El balón que fue a parar al fondo de las redes del club Vasco en ese partido puede ser visto en el museo del Maracaná, única parte abierta al público durante las obras de renovación del estadio para la Copa del Mundo de 2014.

Maracaná «puede ser considerado un monumento histórico», estimó Carmen Dittz Chaves, curadora del museo.

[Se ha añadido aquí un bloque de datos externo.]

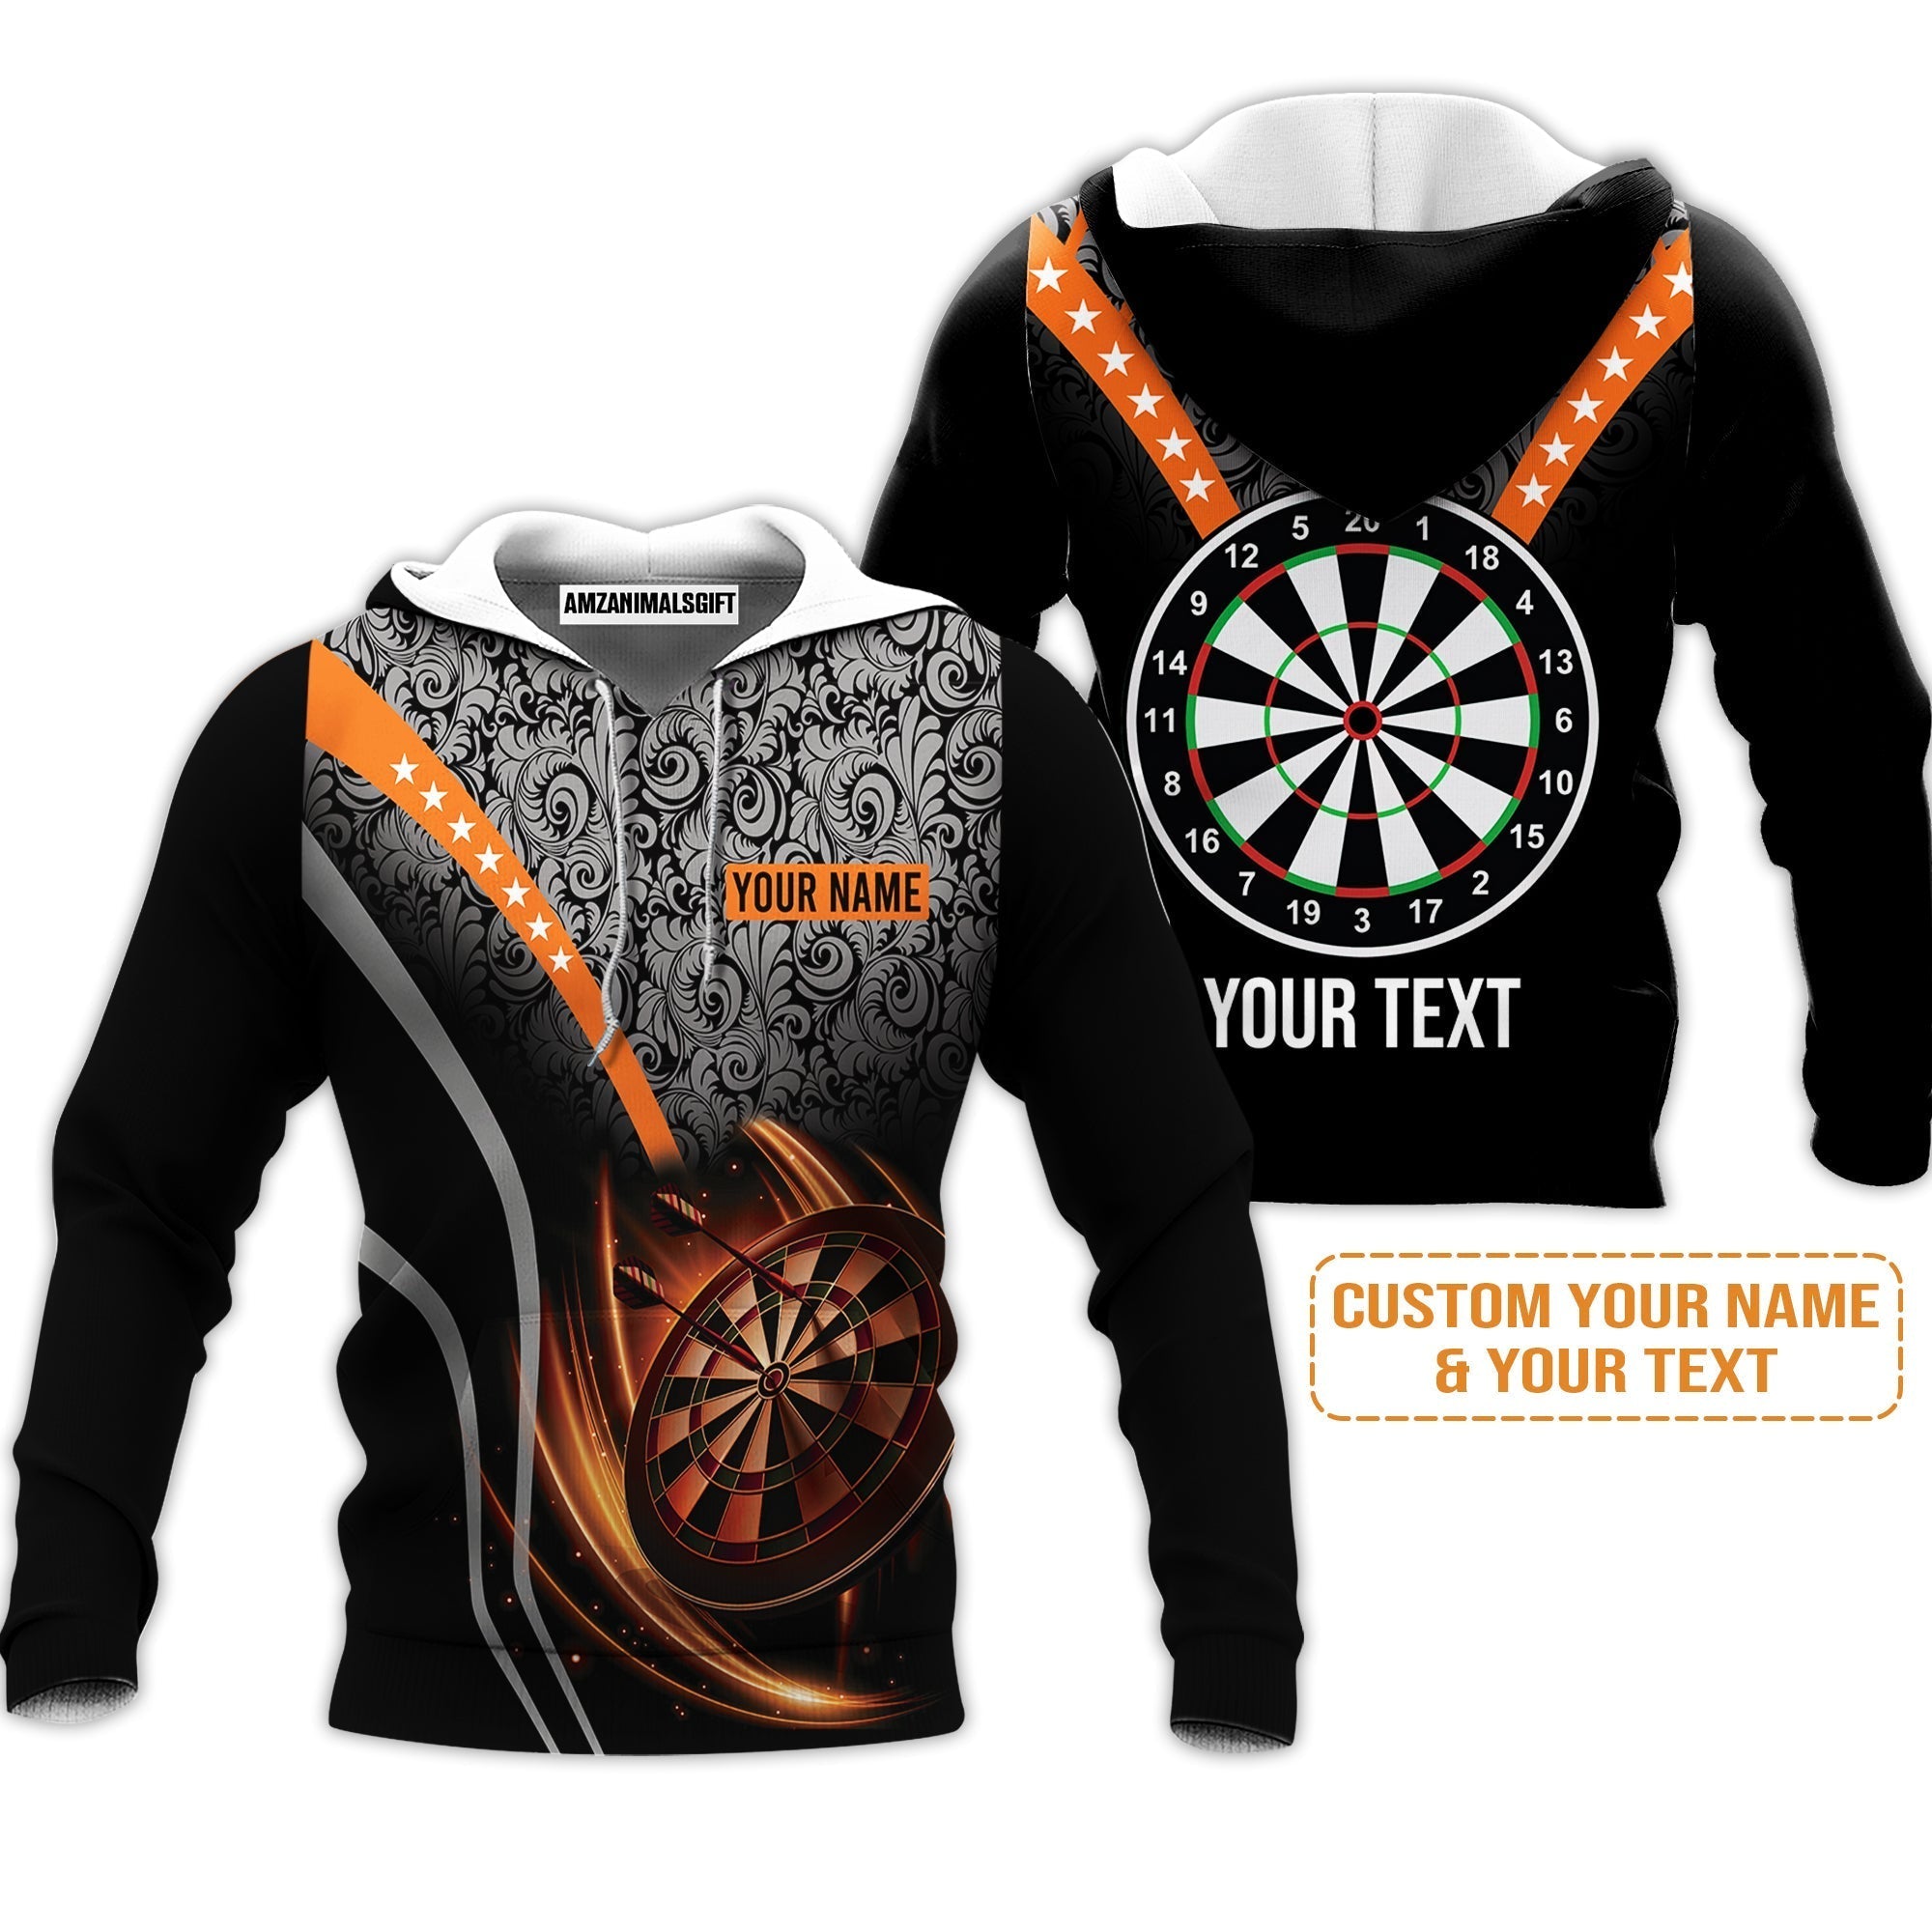 Customized Name & Text Darts Hoodie, Personalized Name Dartboard Orange Hoodie - Gift For Darts Players
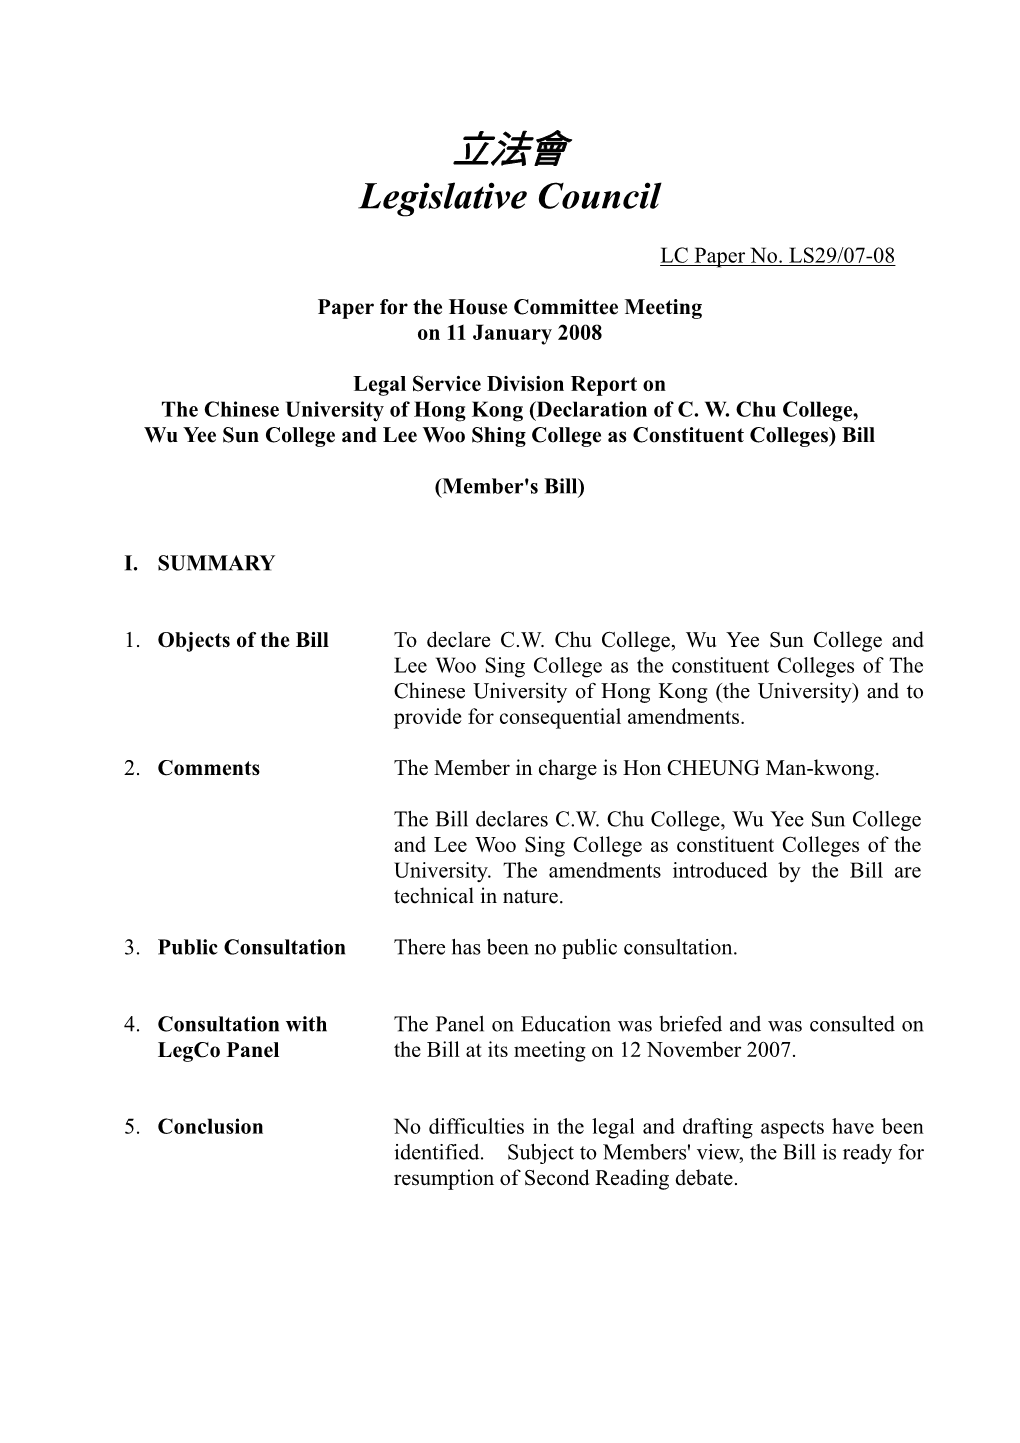 Declaration of C. W. Chu College, Wu Yee Sun College and Lee Woo Shing College As Constituent Colleges) Bill

«En la época, fue revolucionario por su tamaño y por las técnicas utilizadas en su construcción. A pesar de ya no ser el mayor del mundo en términos de capacidad (será reducida a 83.000 personas para el Mundial de 2014) continúa siendo único por su enorme valor emocional. Jugar en el Maracaná es el sueño de cualquier jugador», explicó.

Aunque los cariocas aman a este estadio que acogió decenas de clásicos épicos entre los mayores clubes de Rio, su reforma a un costo de unos 570 millones de dólares es objeto de polémica.

«Sería mejor gastar este dinero en salud y educación», criticó Walter Magalhães, un jubilado de 60 años.

Otros hinchas más supersticiosos opinan que la final de la Copa de 2014 debería jugarse en otro sitio para no repetir la catástrofe de 1950.

A pesar de que su estructura fue derribada para las reformas, algunos alegan que sería más barato optar por una demolición completa y la construcción de un nuevo estadio, como se hizo en el de Wembley, en Inglaterra.

La reforma de Maracaná, atrasada por varias huelgas en los últimos meses, es seguida de cerca por la Federación Internacional de Fútbol (FIFA), que no ahorra críticas tras los retrasos constatados en las renovaciones de estadios y la creación de infraestructura en todo el país para acoger el Mundial de 2014.

El estadio debe estar listo en diciembre de 2012 para poder recibir la Copa de Confederaciones en junio de 2013, una suerte de preparación para el Mundial de 2014.